BEGIN Extracted information
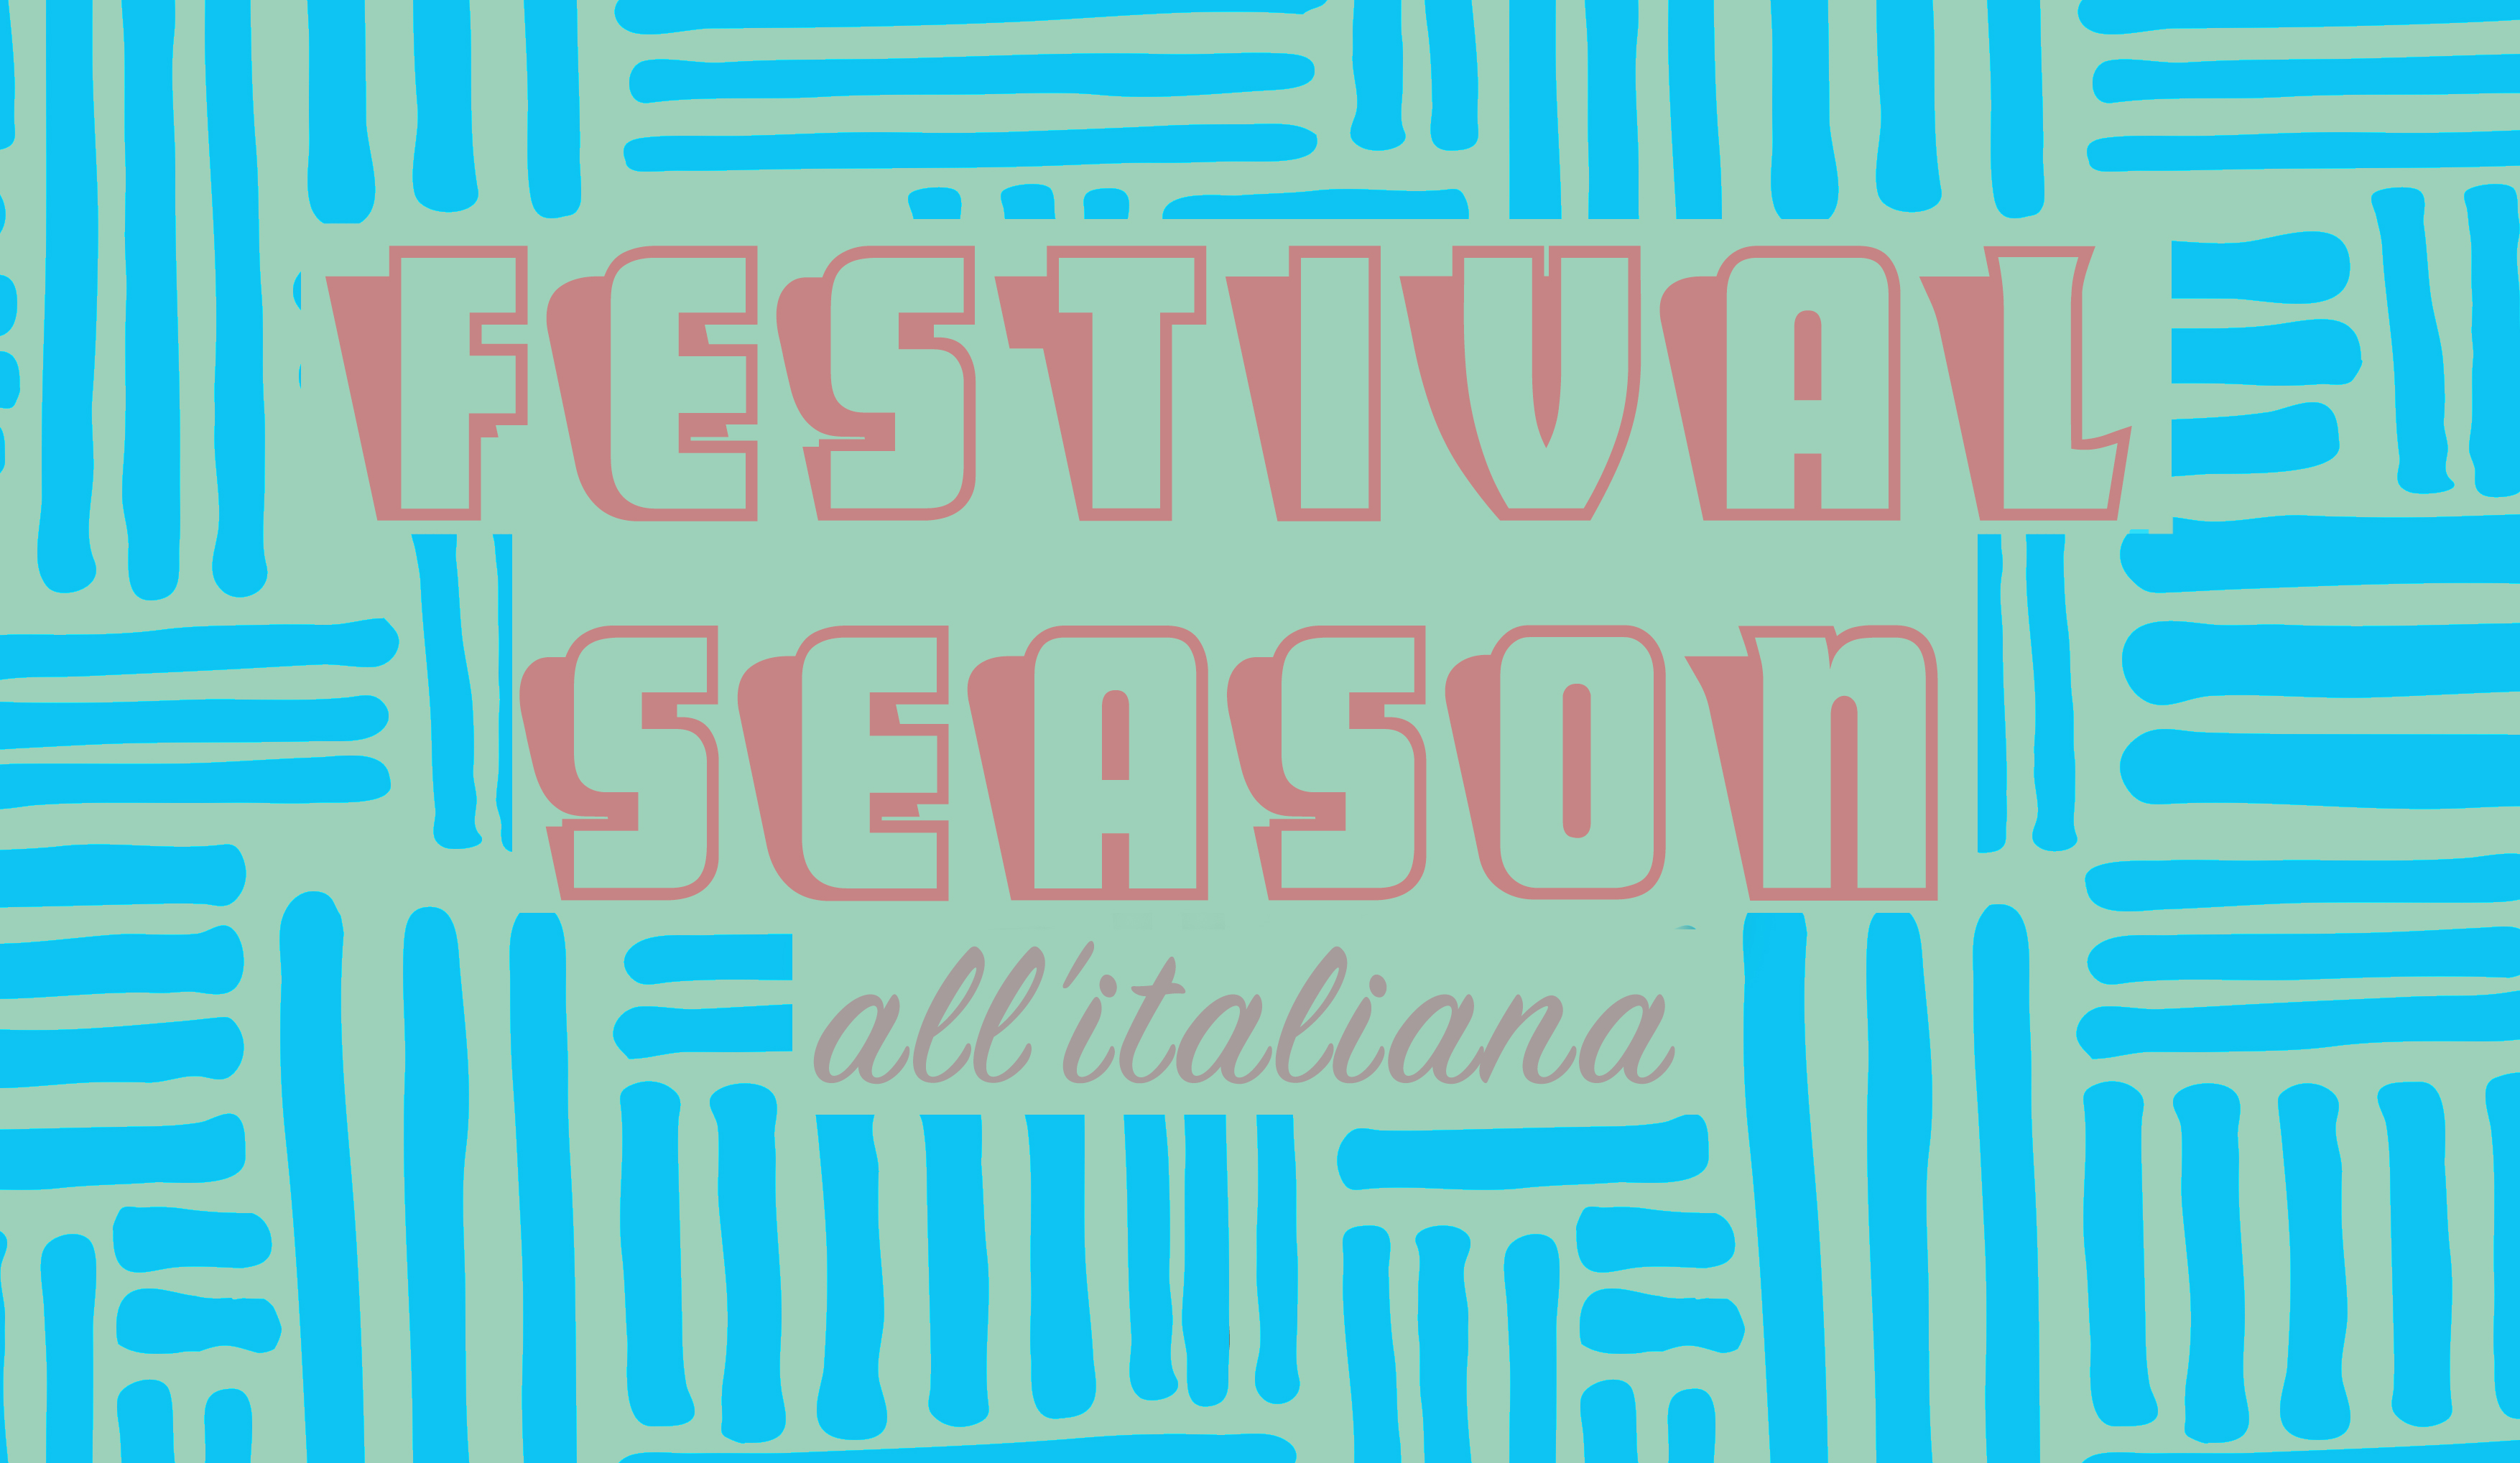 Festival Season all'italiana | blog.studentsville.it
END Extracted information
BEGIN Extracted information
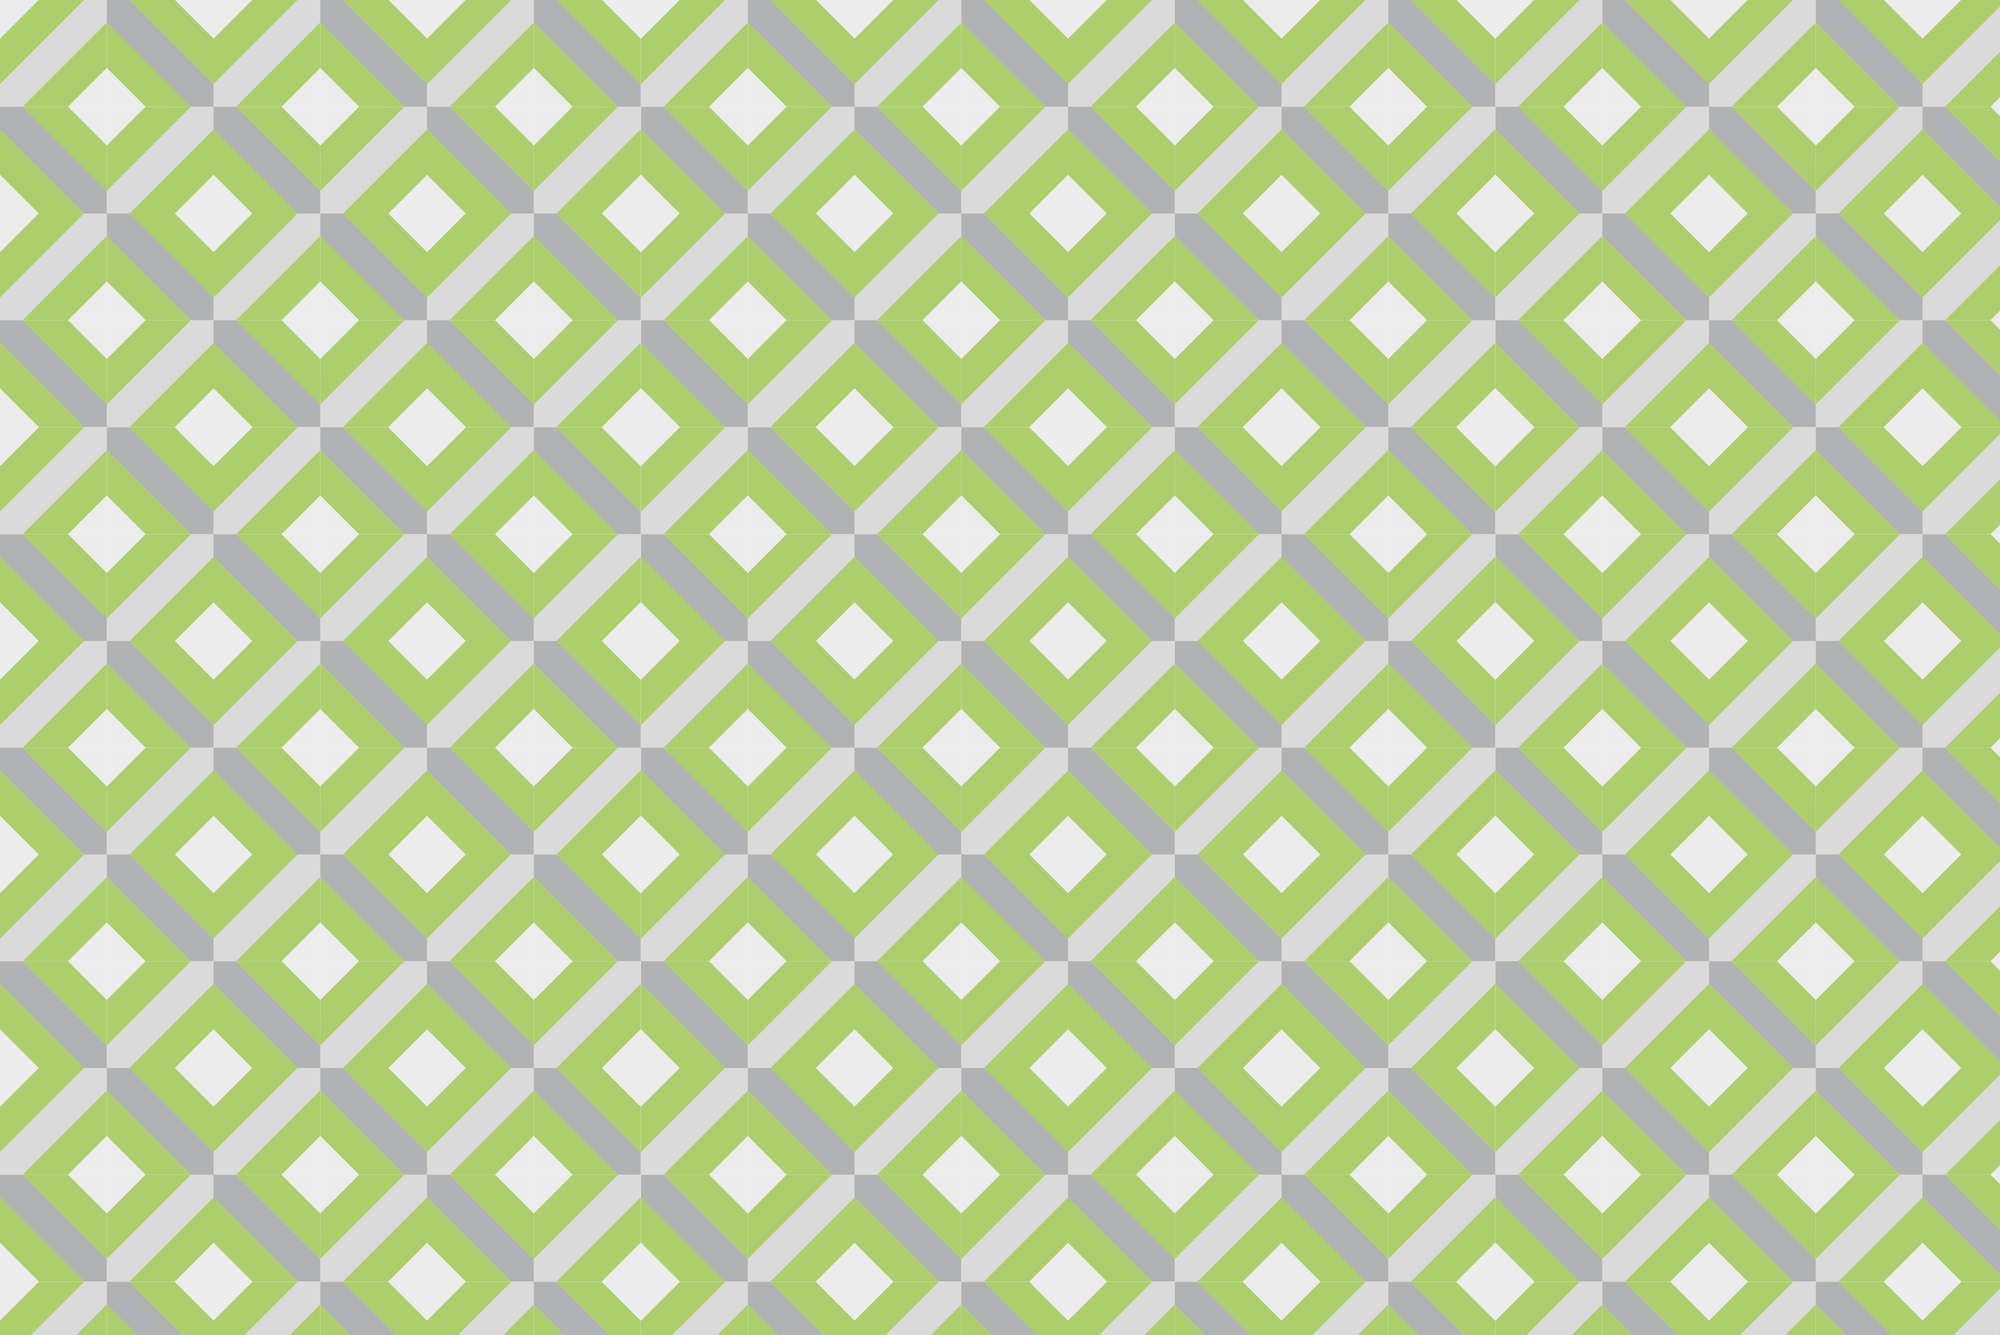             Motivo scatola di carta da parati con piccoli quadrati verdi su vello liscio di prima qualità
END Extracted information
BEGIN Extracted information
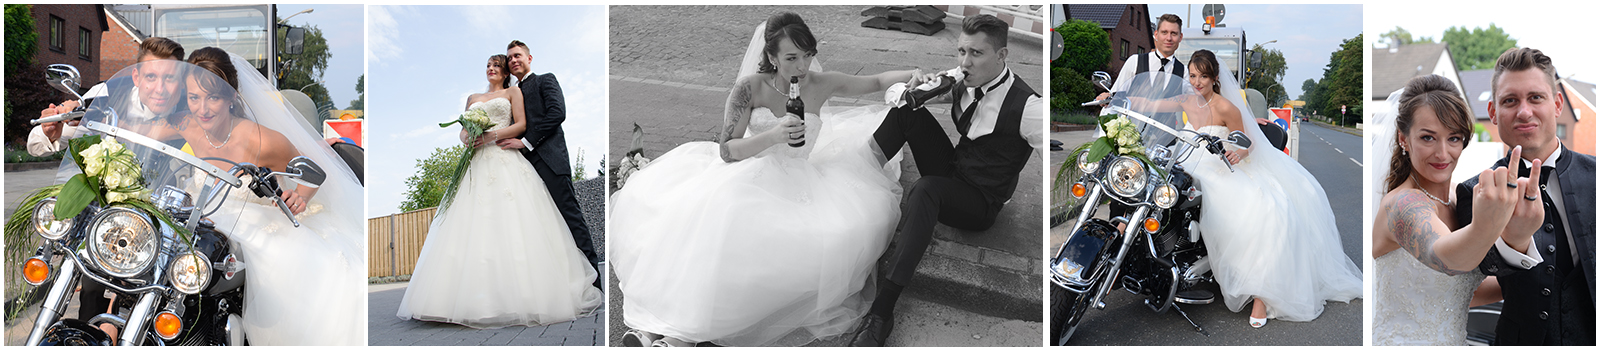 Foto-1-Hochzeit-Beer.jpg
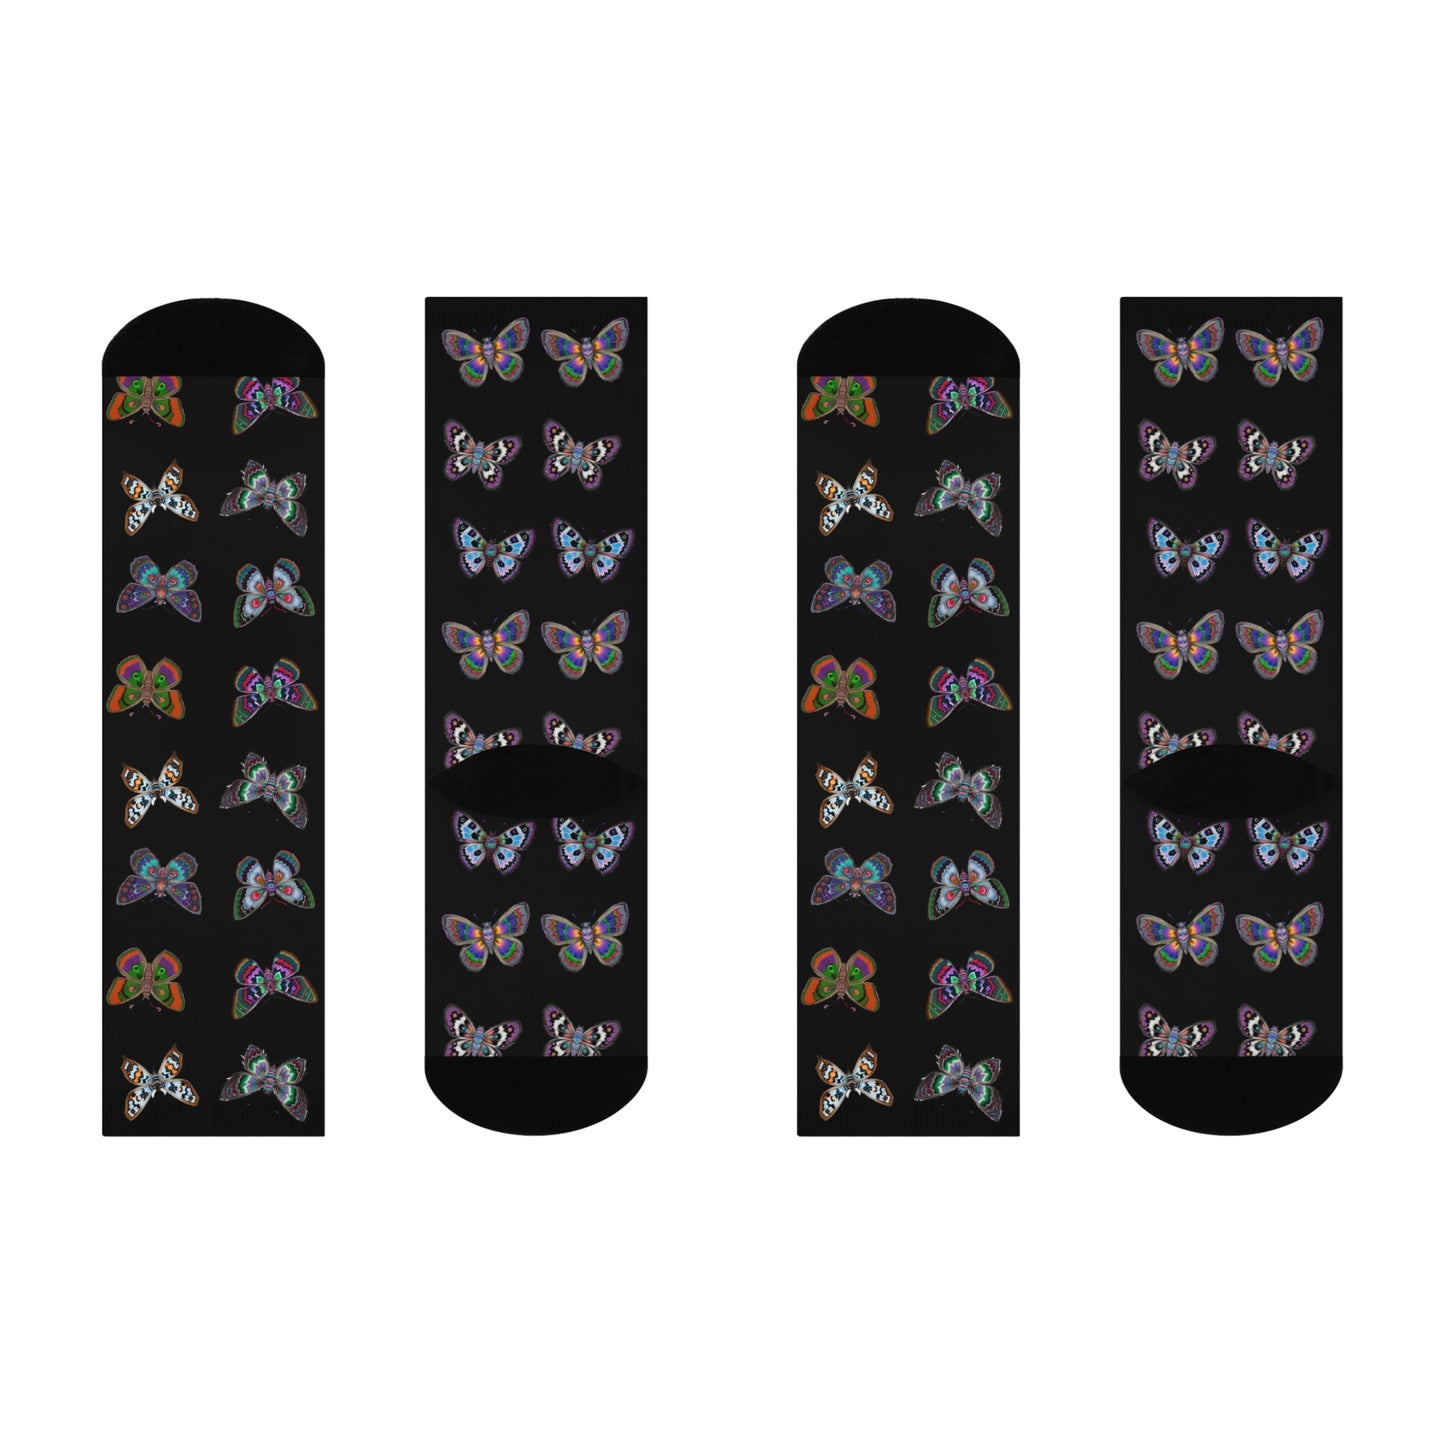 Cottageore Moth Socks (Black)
END Extracted information
Problem to solve —
Exactly reproduce the lines above, starting at the one that contains "Foto-1-Hochzeit-Beer.jpg" and ending at the one that contains "Cottageore Moth Socks (Black)", both inclusive; leave the pictures out and add no other lines.

Exercise solution —
 Foto-1-Hochzeit-Beer.jpg
 Cottageore Moth Socks (Black)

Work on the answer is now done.